The OSCE Minsk Group also issued a statement on March 31 saying it "recognizes the role of the population of Nagorno-Karabakh in deciding its future," but reminded the de facto leaders of the breakaway region that "Nagorno-Karabakh is not recognized as an independent and sovereign state" by any country. "Accordingly, the co-chairs do not accept the results of these 'elections' as affecting the legal status of Nagorno-Karabakh and stress that the results in no way prejudge the final status of Nagorno-Karabakh or the outcome of the ongoing negotiations to bring a lasting and peaceful settlement to the Nagorno-Karabakh conflict," the statement said.
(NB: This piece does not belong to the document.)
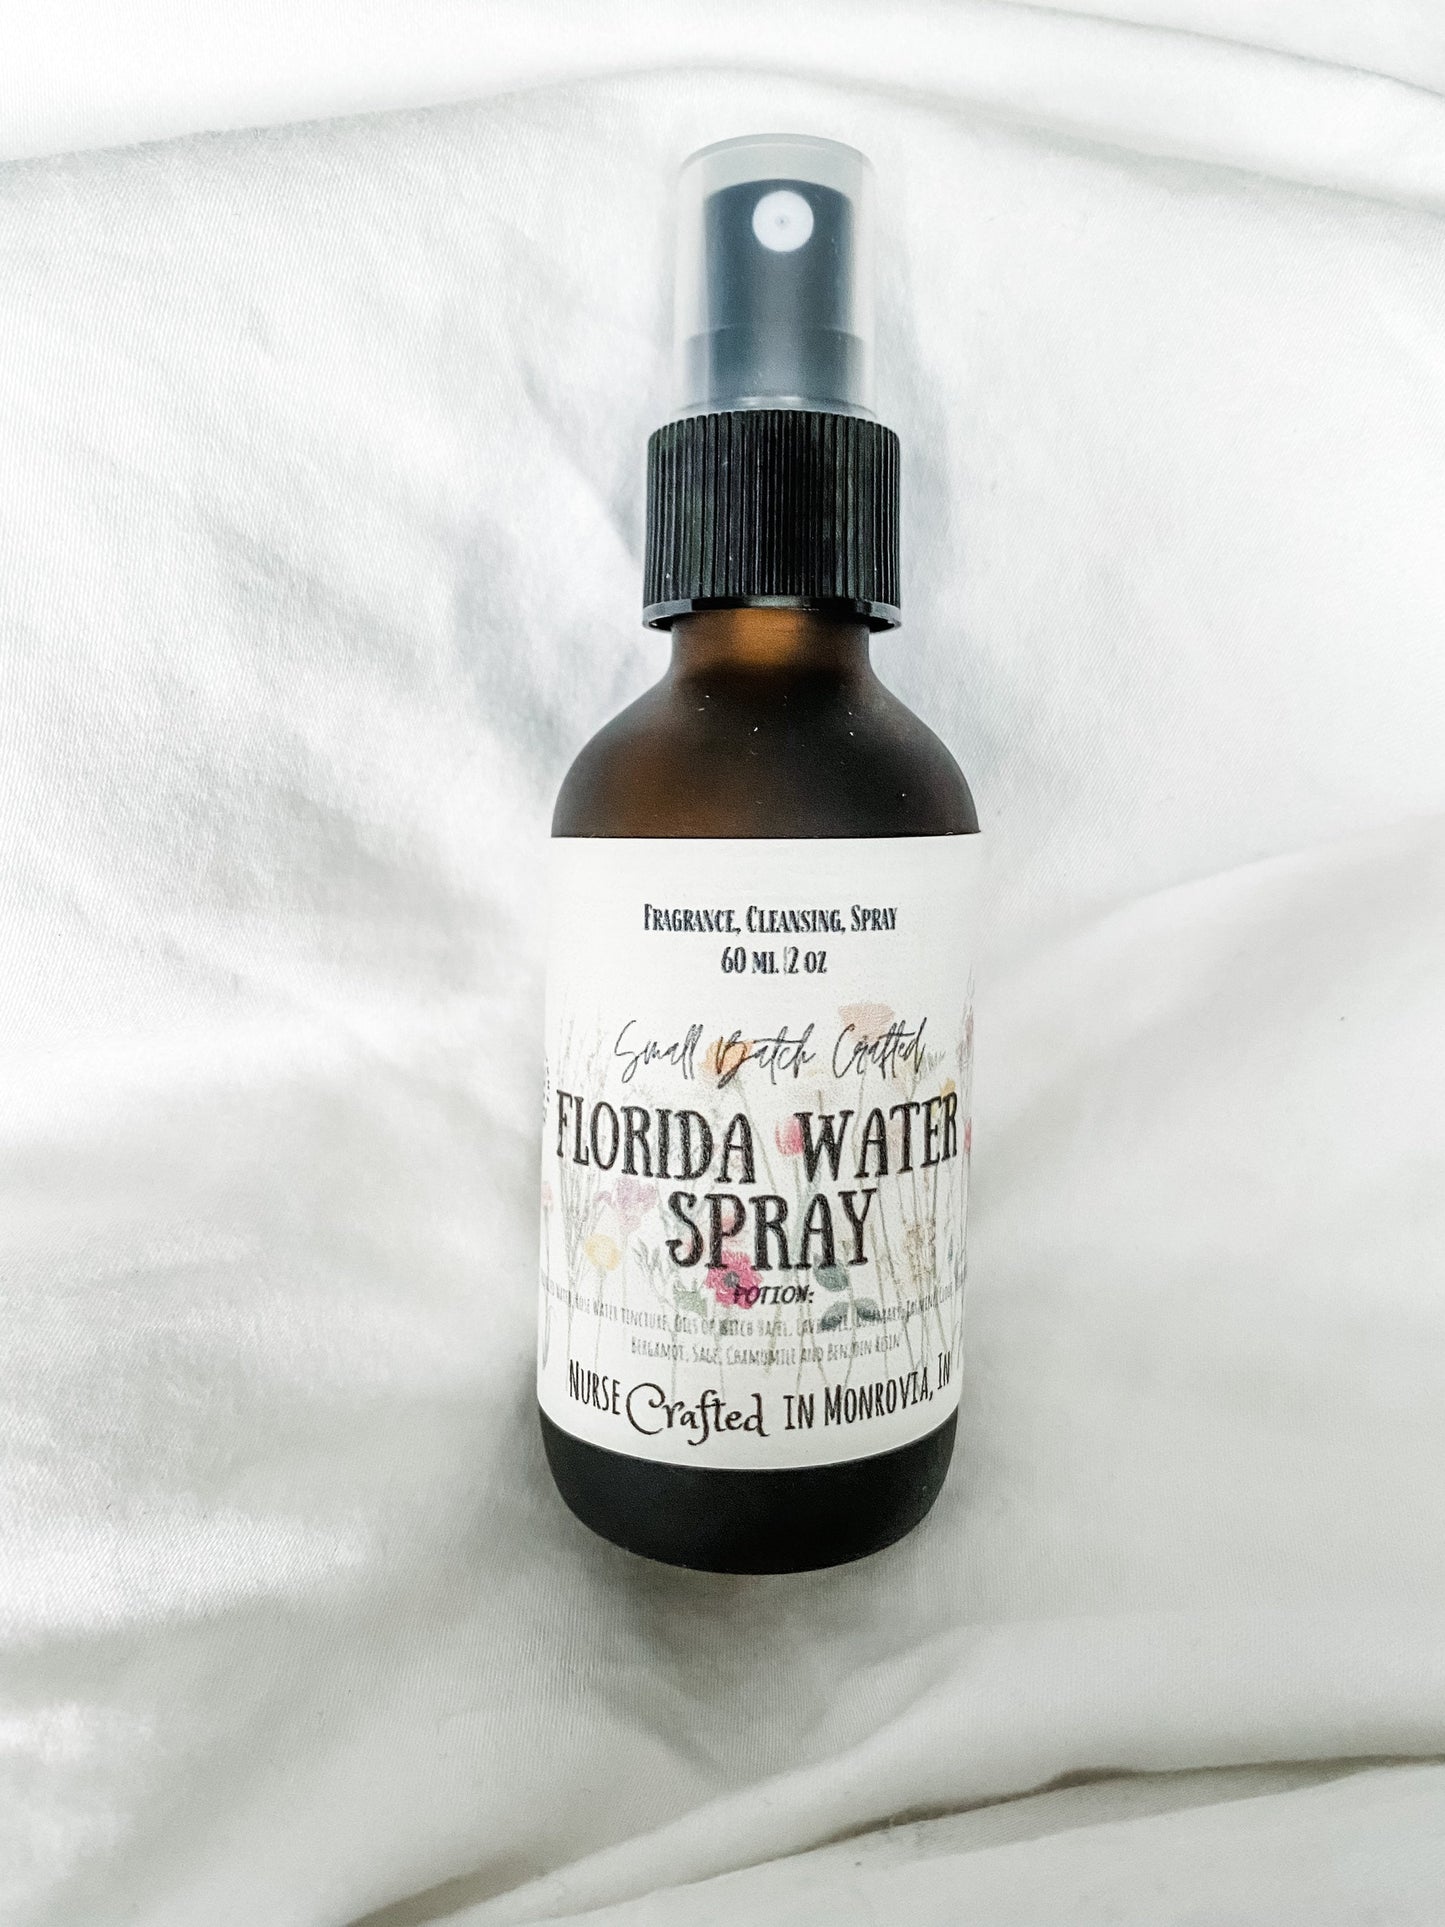 Florida Water concentrate and spray, small batch, ritual cleansing, essential oil, cologne, protection, bad vibe cleanser, room spray

In autumn 2020, Armenia and Azerbaijan fought a six-week war over the disputed Nagorno-Karabakh region. The conflict claimed more than 6,500 lives and ended with a Russian-brokered cease-fire under which Armenian forces ceded territories they had controlled for decades to Azerbaijan. Since then, there have been repeated deadly border skirmishes. President Ilham Aliyev enhanced relations with Turkey significantly, and the two governments developed a remarkable synergy. Aliyev also maintained a good relationship with Russia’s President Vladimir Putin. Aliyev did not try to upset the Kremlin and understood Moscow’s red lines in the region. In the Karabakh conflict, Aliyev tried the diplomatic route for a long time and was open to compromise.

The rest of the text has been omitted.